On Tuesday, Conversion Capital, an early-stage venture firm, said it launched a $122 million Fund III backed by leading institutions, family offices, and founders to invest in early-stage fintech and startups.
According to the press release, as a result of the new capital, Conversion Capital will invest in 25-30 pre-seed to Series A fintech companies developing software, cloud infrastructure, and data technologies. Funds are invested in pre-seed, Series A, and Series B companies by founder-led engineering teams.
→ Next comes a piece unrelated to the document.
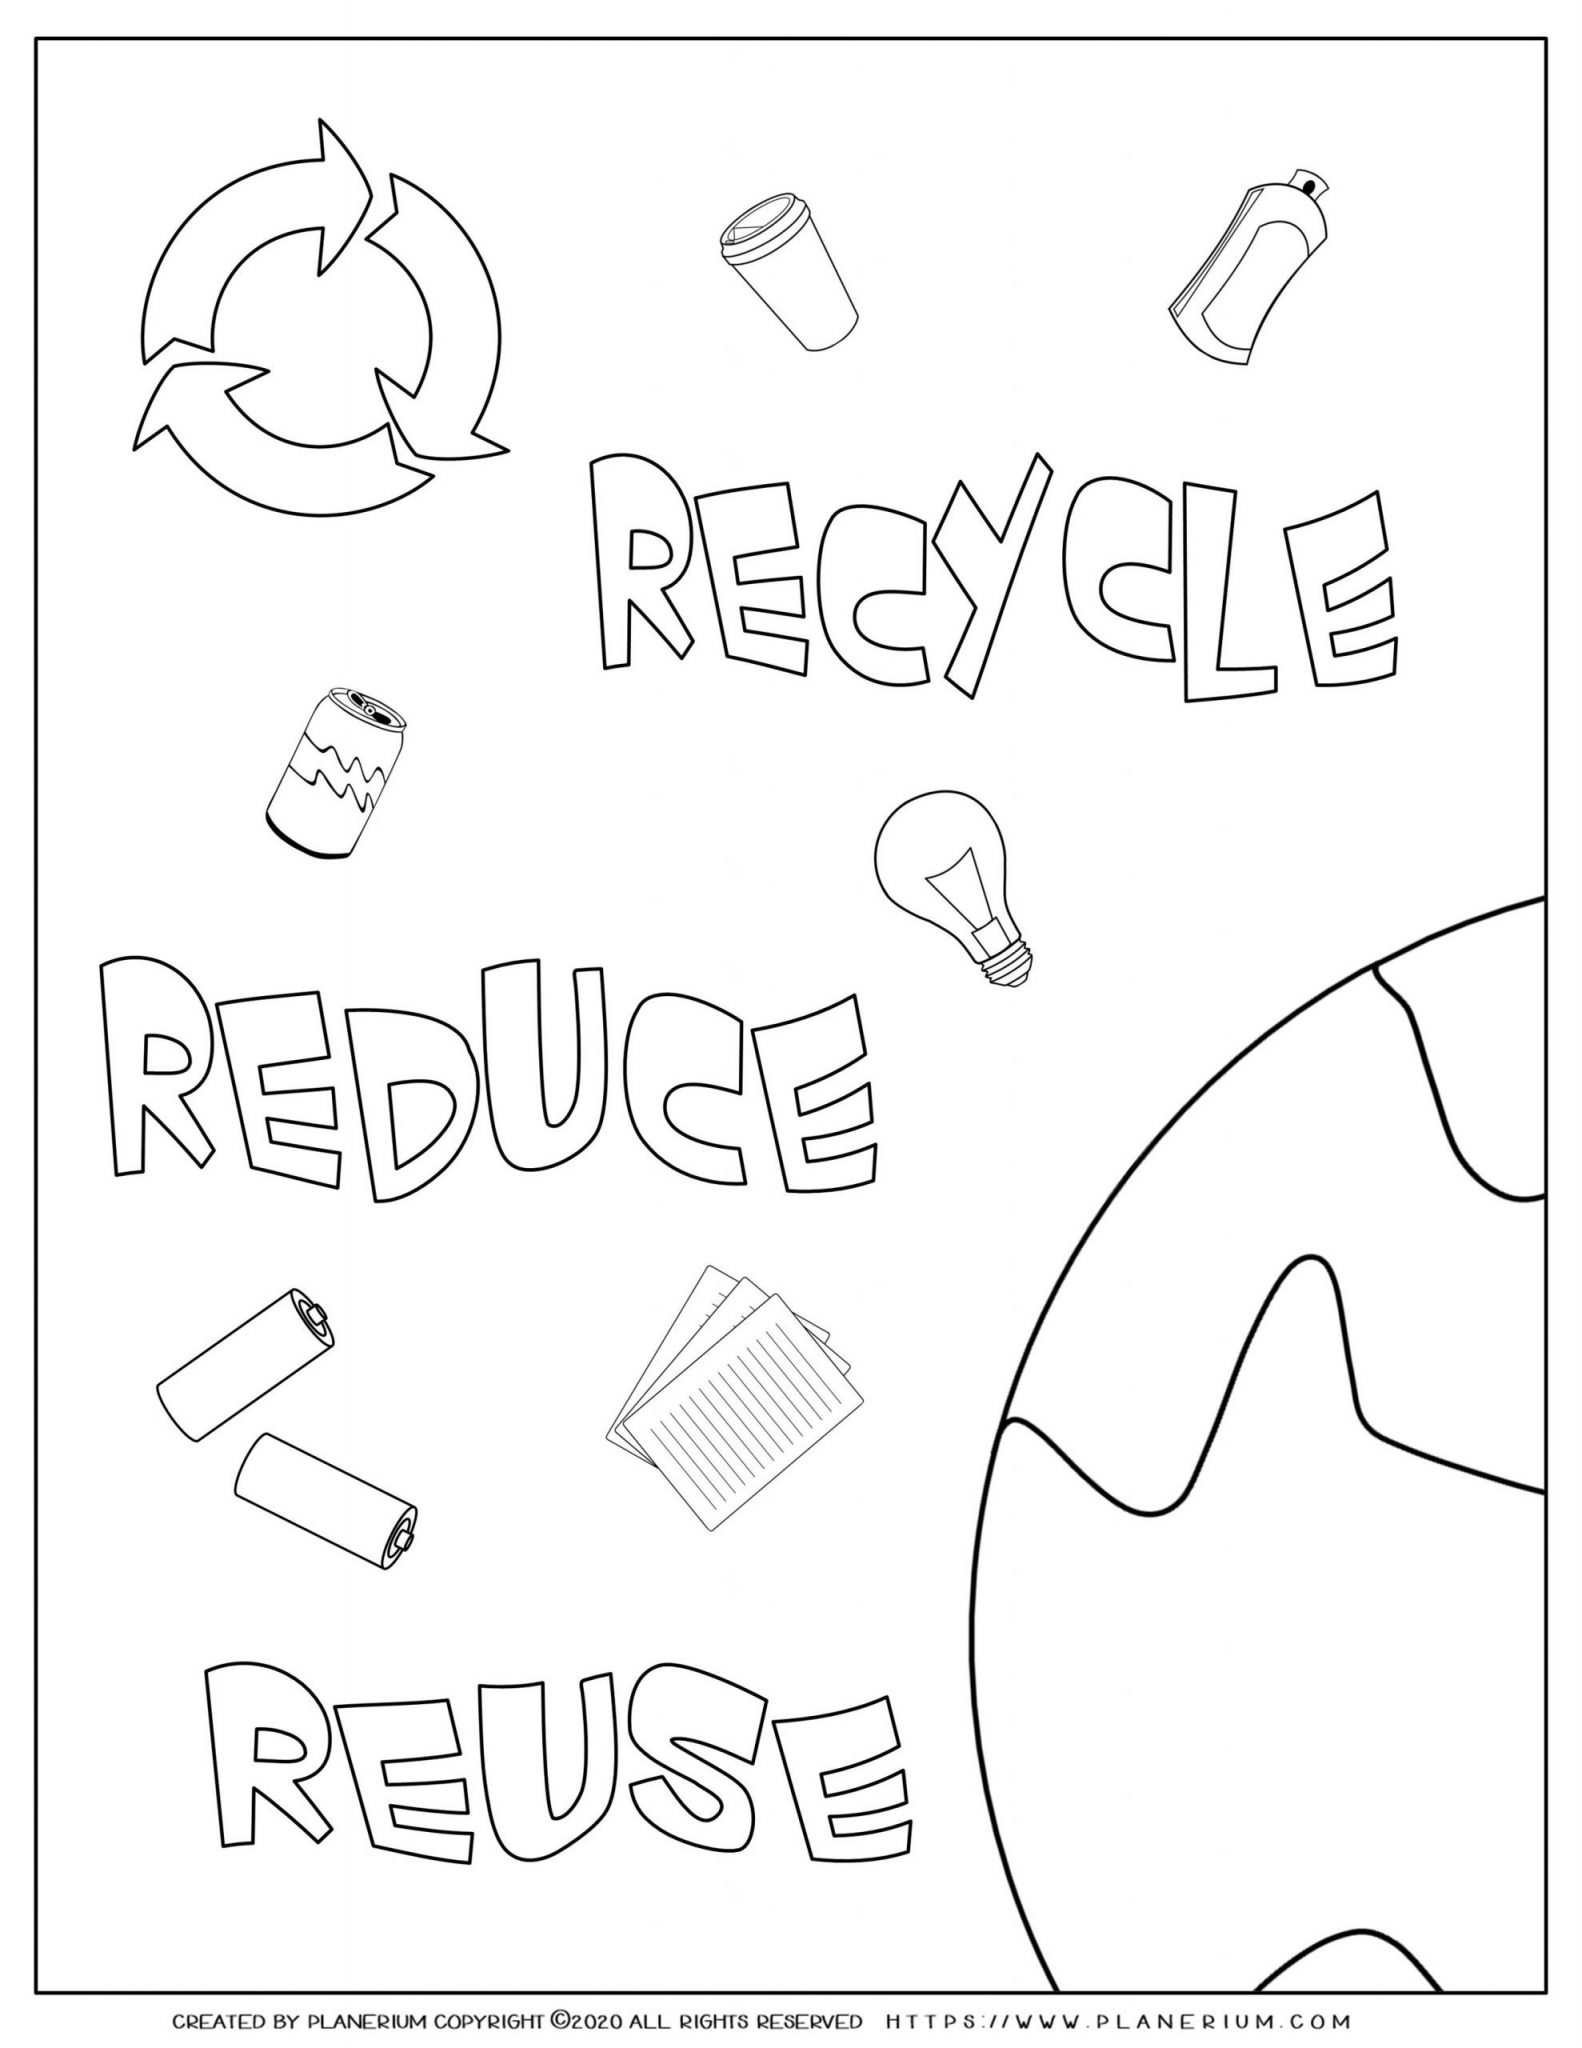 Earth Day - FREE Coloring Pages and Worksheets | Planerium
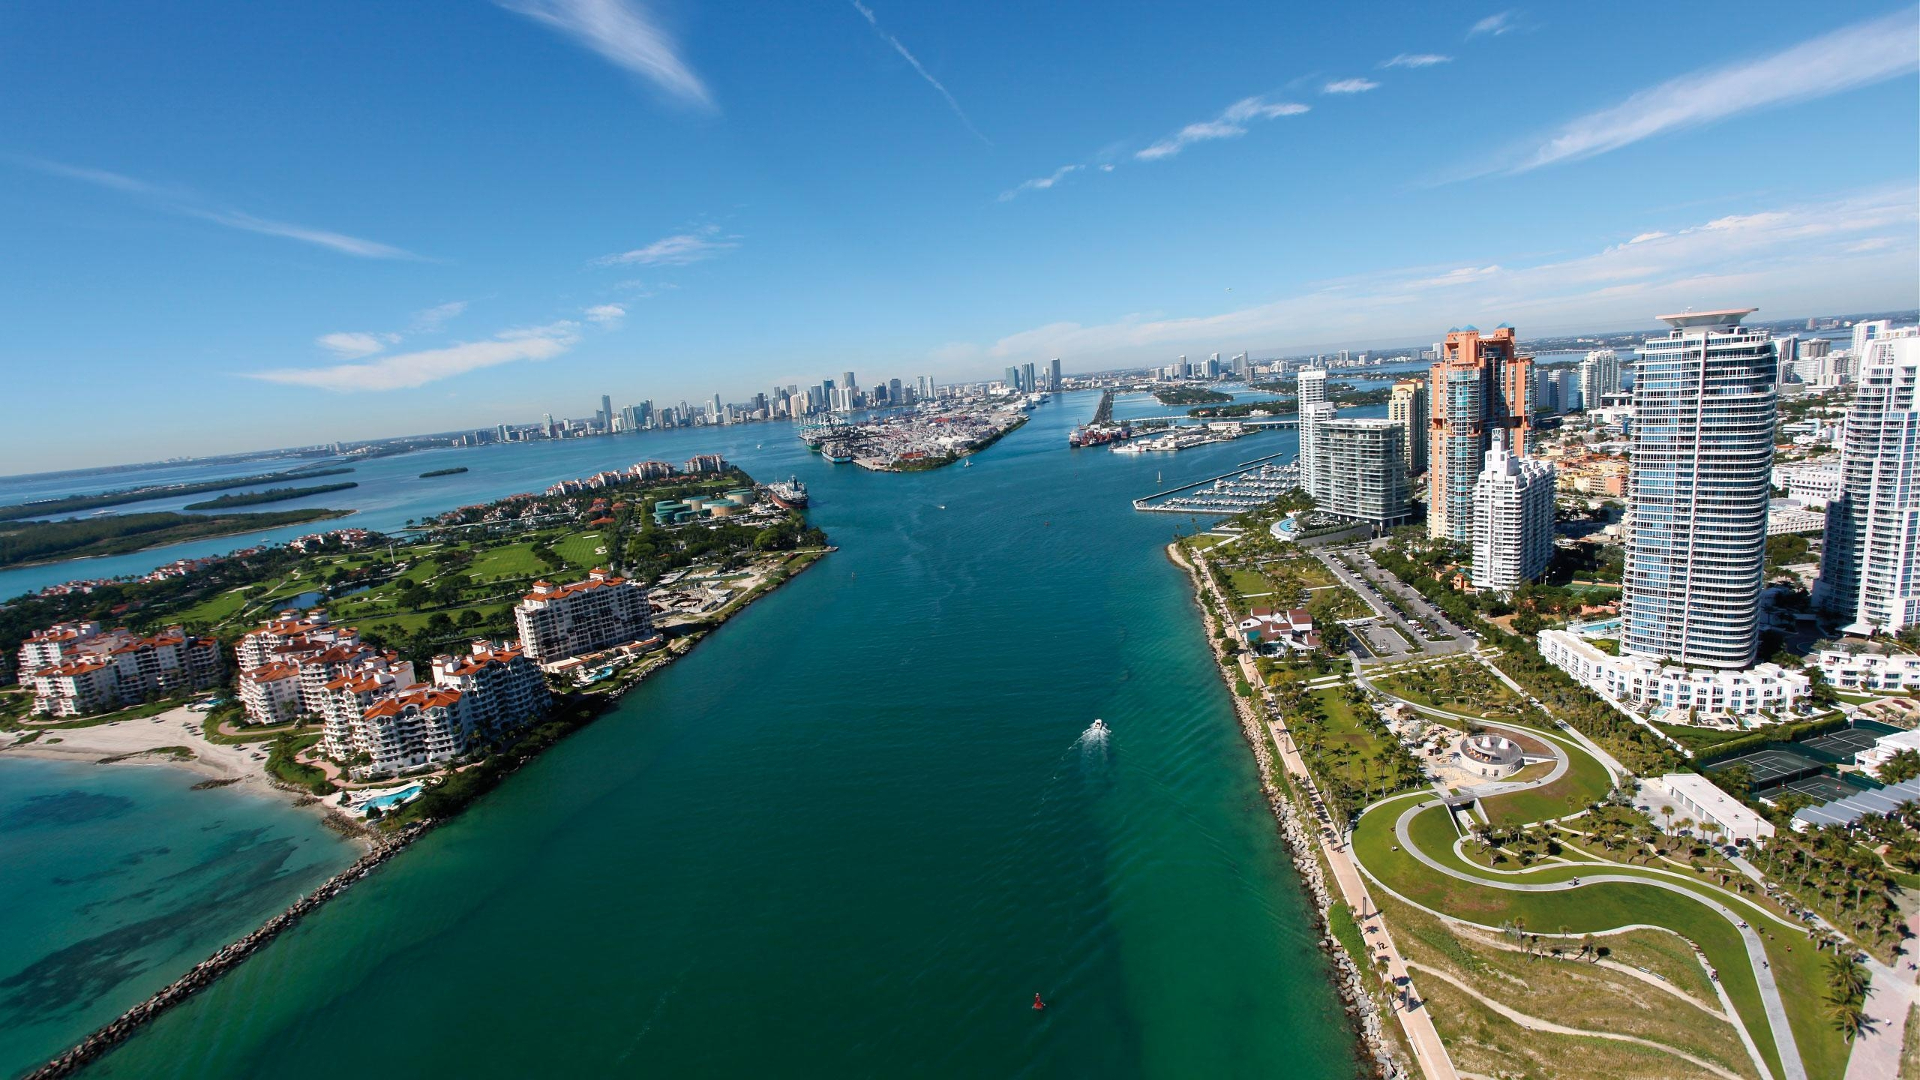 Man Made Miami Waterway Cityscape Aerial City 1920x1080

“Twenty years ago, every company set out to become a technology company with the adoption of Web and mobile. Today, we’re seeing a continuation and acceleration of an even larger platform shift. As more and more companies move critical operating infrastructure to the cloud, operational efficiency is unlocked, which impacts every aspect of the global economy. The industries that drive our national GDP were slower to make this transition, but with Cloud 3.0 came advancements in security and functionality, and this represents an enormous investment opportunity. Those businesses that can scale, will win,” Christian Lawless, Sole Founder and General Partner of the firm, commented.
He added: “We are focusing our capital on US and UK-based companies that stand to benefit from macro tailwinds and global decoupling. Our experience drives our conviction that the US will remain the epicenter of innovation. Previous market corrections have proven we have the most resilient economy in the world.”
Conversion Capital is an early-stage venture capital firm founded in 2015 that partners with top entrepreneurs who are using software, cloud infrastructure, and data technologies to solve the world’s toughest problems.
Raisin Hitting €25 Billion AUM in Saving Products
In other fintech-related news, as a leading German provider of open banking for savings and investment products, Raisin now manages more than €25bn in savings assets.
The achievement, Raisin said, has set the course for further growth as the European Central Bank (ECB) increases interest rates in the eurozone to combat high inflation.